СЦИЛЛЫ И ХАРИБДЫ НА ПУТИ САМОУВЕРЕННОГО ОДИССЕЯ

                *   *    *               
                Ничто не сбудется, как хочется.
                Об этом даже не проси.
                Дух ежедневно в муках корчится,
                А тело скачет: гой еси!

                Загадка жизни не разгадана.
                Живешь - живи, а смысла нет.
                Свеча. Иконка. Запах ладана.
                Каков вопрос, таков ответ.

                Но это только хитро скроено,
                Что ты до истин не дорос.
                А в мире все давно устроено:
                Ты сам - ответ на свой вопрос.
                *    *    *


     Одну из «старших», которая занималась обучением «гномиков» театральным азам, звали Аглая. Ей было тридцать лет и она считалась вторым человеком после Леонтия Давдыдовича. В театре всегда есть первый - режиссёр или худрук, и второй - самый опытный артист или самая преданная артистка. Второе случается чаще по многим причинам, нередко личным.

     Но в «Жили-были» щекотливые половые нюансы никогда огласке не предавались. Рабинов вёл себя безукоризненно. А болтовня в театральной курилке - дело несерьёзное.

     Так моя близость с Янечкой, не будучи секретом, вслух никогда не обсуждалась. О похождениях или грешках «старших» тем более не говорили. Естественно, с кем-то что-то у кого-то было. Но внутренняя этика пресекала все пакости и слухи на эту тему.

     Отчество у Аглаи было редкое и красивое - Славковна. Актрису уважали все без исключения. И как водится, по-дружески и даже чуть-чуть из зависти принижали и называли всегда Славковной, как какую-нибудь добрую и малость выжившую из ума ветераншу.

     Аглая Славковна понимала всё это, не обижалась и, наоборот, относилась ко всем по-матерински.

     Мужа и детей у неё не было, и лично я, со своим молодым писательским нюхом, именно в безбрачии и отсутствии материнства видел истоки странной нежности и заботливости нашей главной актрисы.

     Однажды Рабинов позвал меня в свой кабинет. Войдя, я увидел там нашу Славковну. Она стояла у окна и почему-то смотрела в пол.

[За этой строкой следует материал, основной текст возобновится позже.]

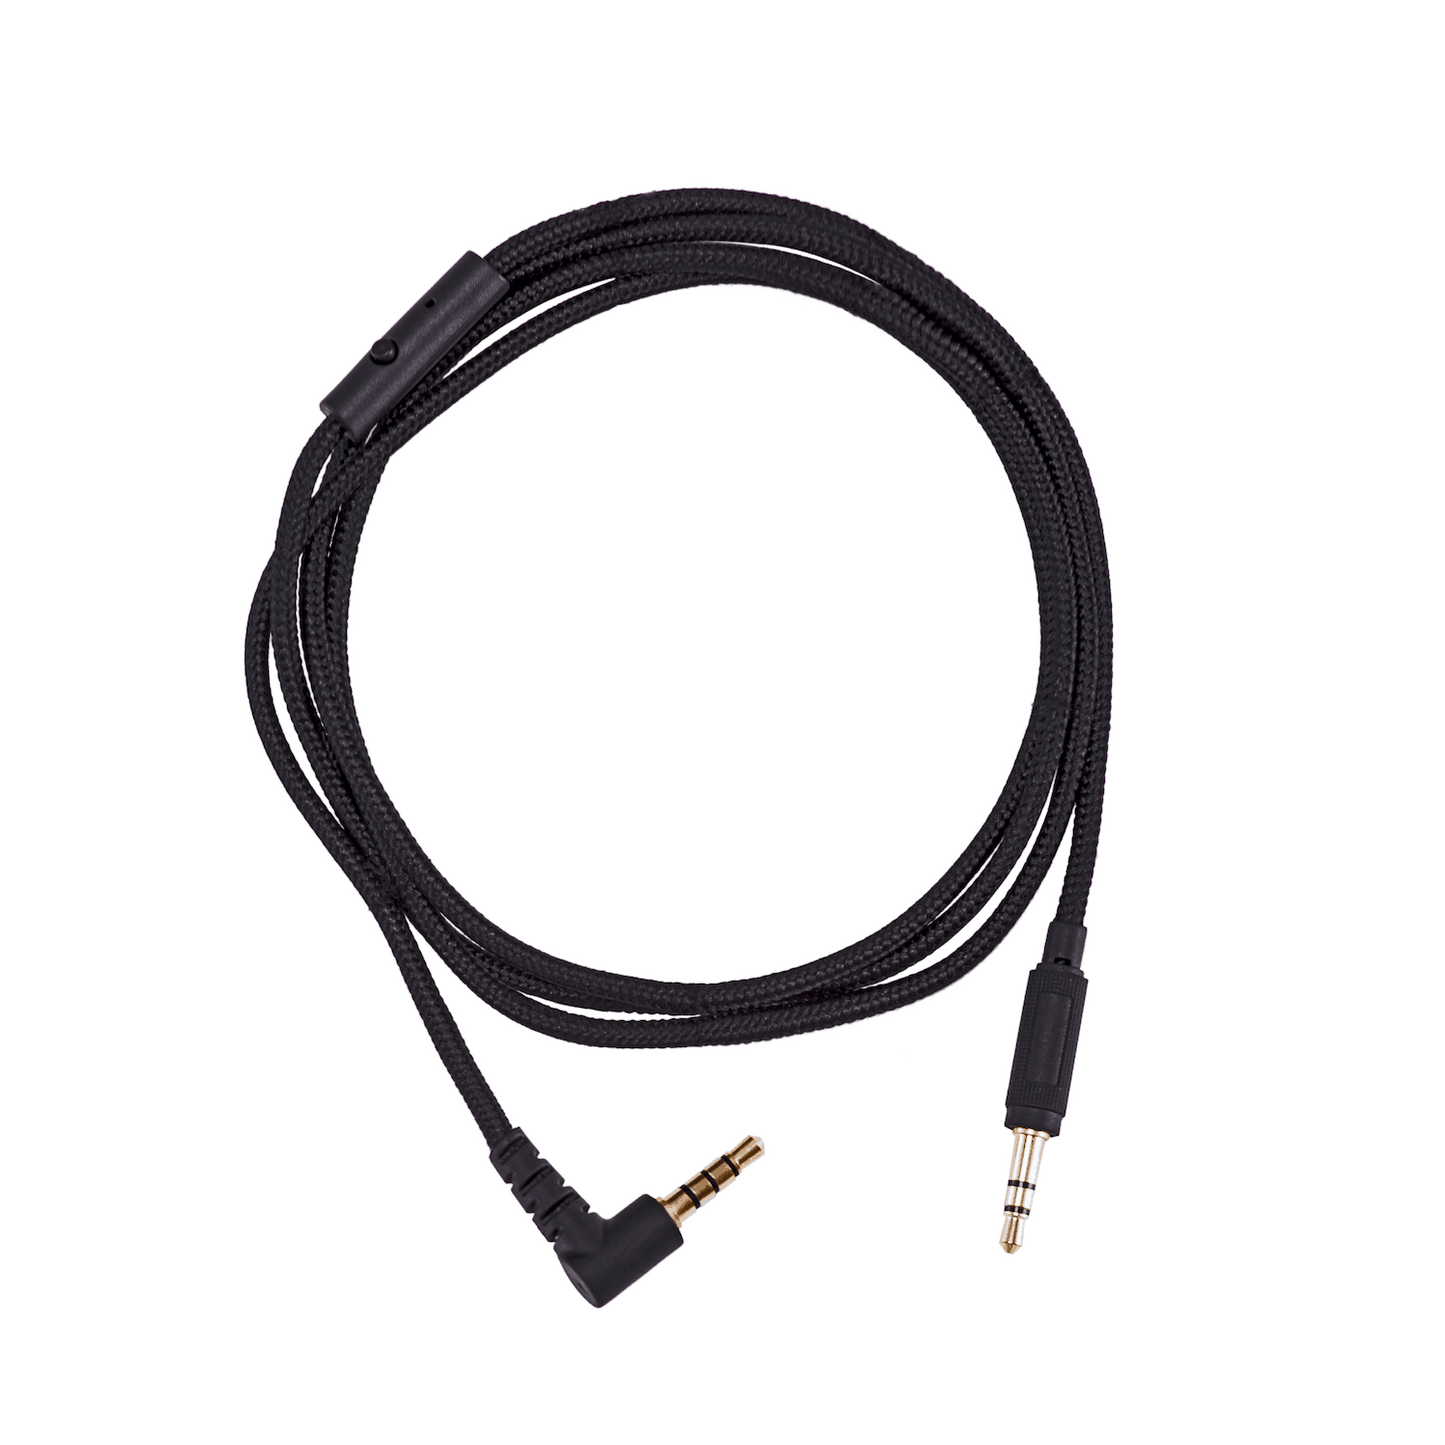 MIIEGO Audio cable

     Леонтий Давыдович подал мне стул, сам сел за свой стол, некоторое время смотрел на актрису, словно чего-то от неё ожидая, потом закурил и обратился ко мне:

     - Есть идея, Паша. Вот Аглая (он называл её только так) хочет сыграть с тобой «Даму с собачкой» Чехова, - режиссёр глубоко затянулся сигаретой, выпустил облако синего дыма и вдруг подвёл итог обсуждению (вопрос был решён заранее). - Я лично не против. Вы оба готовы к Чехову. Перечитай пока рассказ. А я к понедельнику напишу экспликацию, и начнём. Согласен?

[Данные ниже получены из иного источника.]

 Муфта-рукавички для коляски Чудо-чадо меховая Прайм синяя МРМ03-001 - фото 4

     Я посмотрел на Славковну. Её персикового цвета лицо с умными серыми глазами и гладкой шеей давно созревшей женщины, пылало. Актриса смотрела вниз, словно пряча заливавшую её краску.

     Разгадка пришла потом.

     А тогда у меня нашлись только два слова:
    
     - Конечно! Давайте!

     Когда мы с актрисой вышли от режиссёра, она сказала мне:

     - Спасибо! Хочешь чаю или кофе?

     - С удовольствием.

     - Пойдём ко мне в гримёрку. У нас ещё полчаса до вокала.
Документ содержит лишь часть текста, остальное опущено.